● Extracted information

★ ★ ★ ★ ★ ★ ★

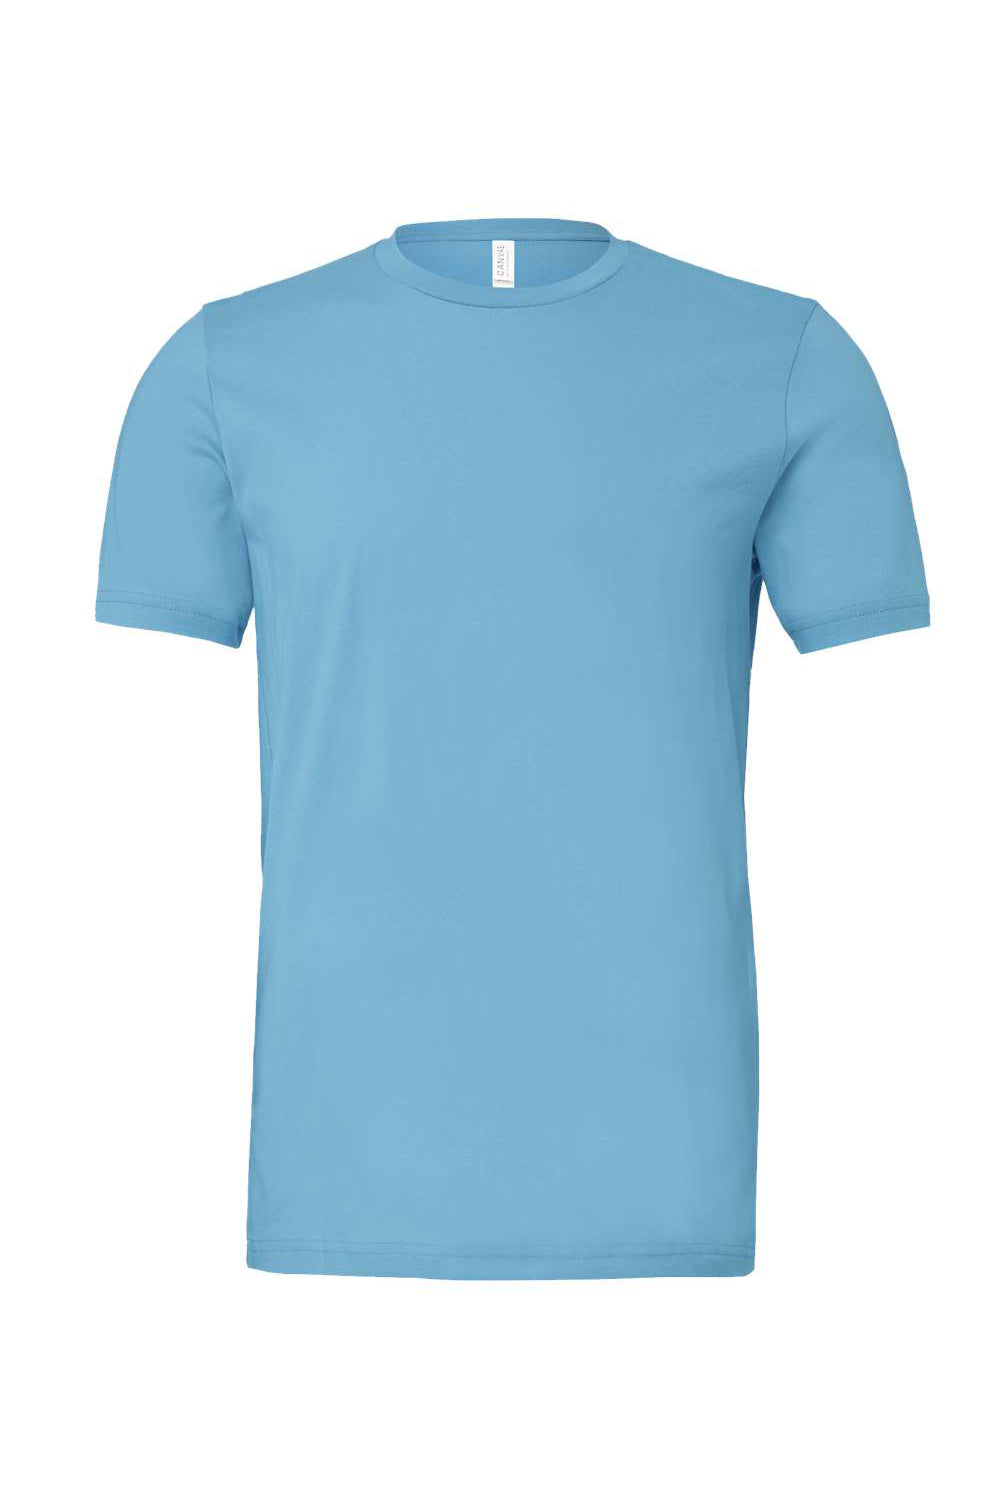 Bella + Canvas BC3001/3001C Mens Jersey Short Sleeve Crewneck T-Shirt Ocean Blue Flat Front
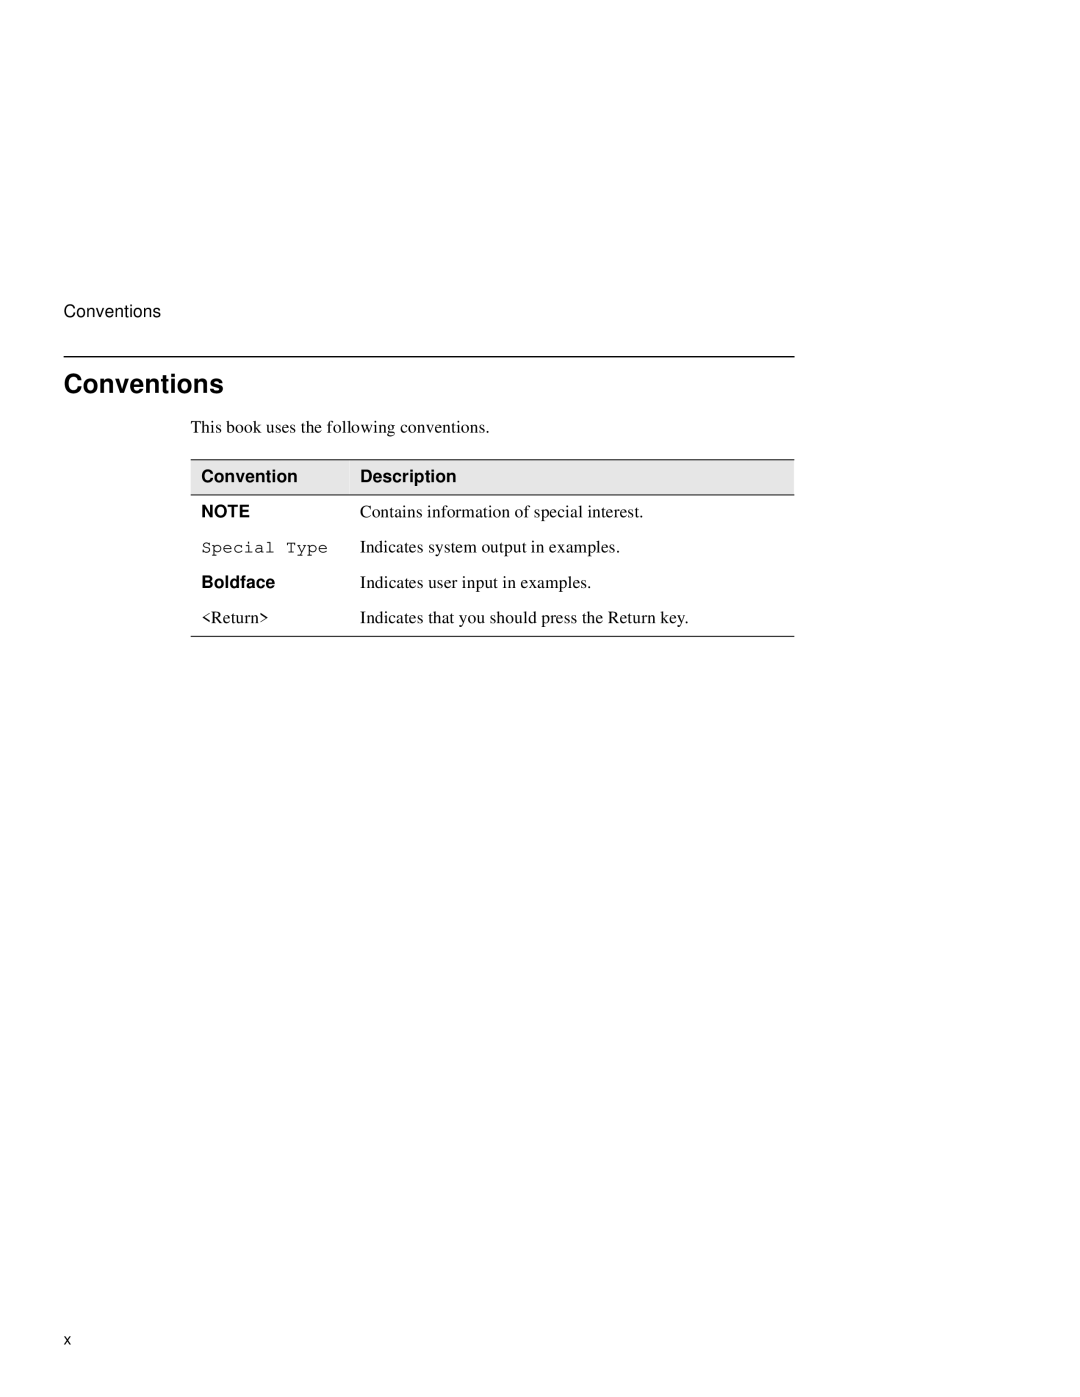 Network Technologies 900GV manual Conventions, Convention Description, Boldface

★ ★ ★ ★ ★ ★ ★

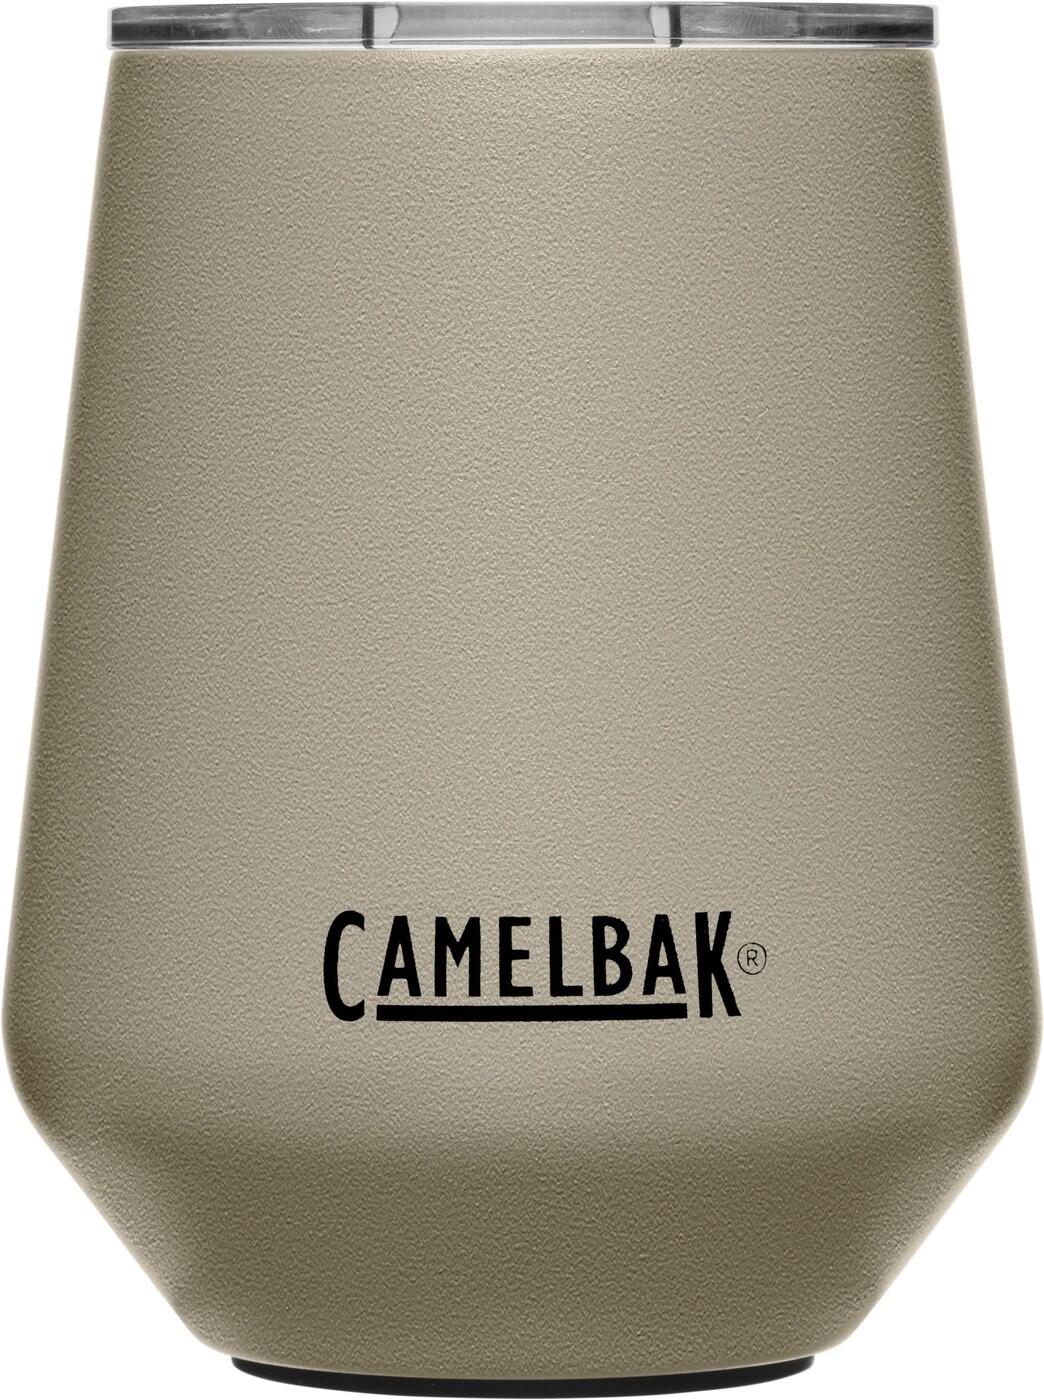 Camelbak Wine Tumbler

★ ★ ★ ★ ★ ★ ★

● Work task
Take only the lines above from the one that has "Bella + Canvas" through the one that has "Network Technologies 900GV" and reproduce them exactly, omitting any pictures.

● Exercise response
 Bella + Canvas BC3001/3001C Mens Jersey Short Sleeve Crewneck T-Shirt Ocean Blue Flat Front
 Network Technologies 900GV manual Conventions, Convention Description, Boldface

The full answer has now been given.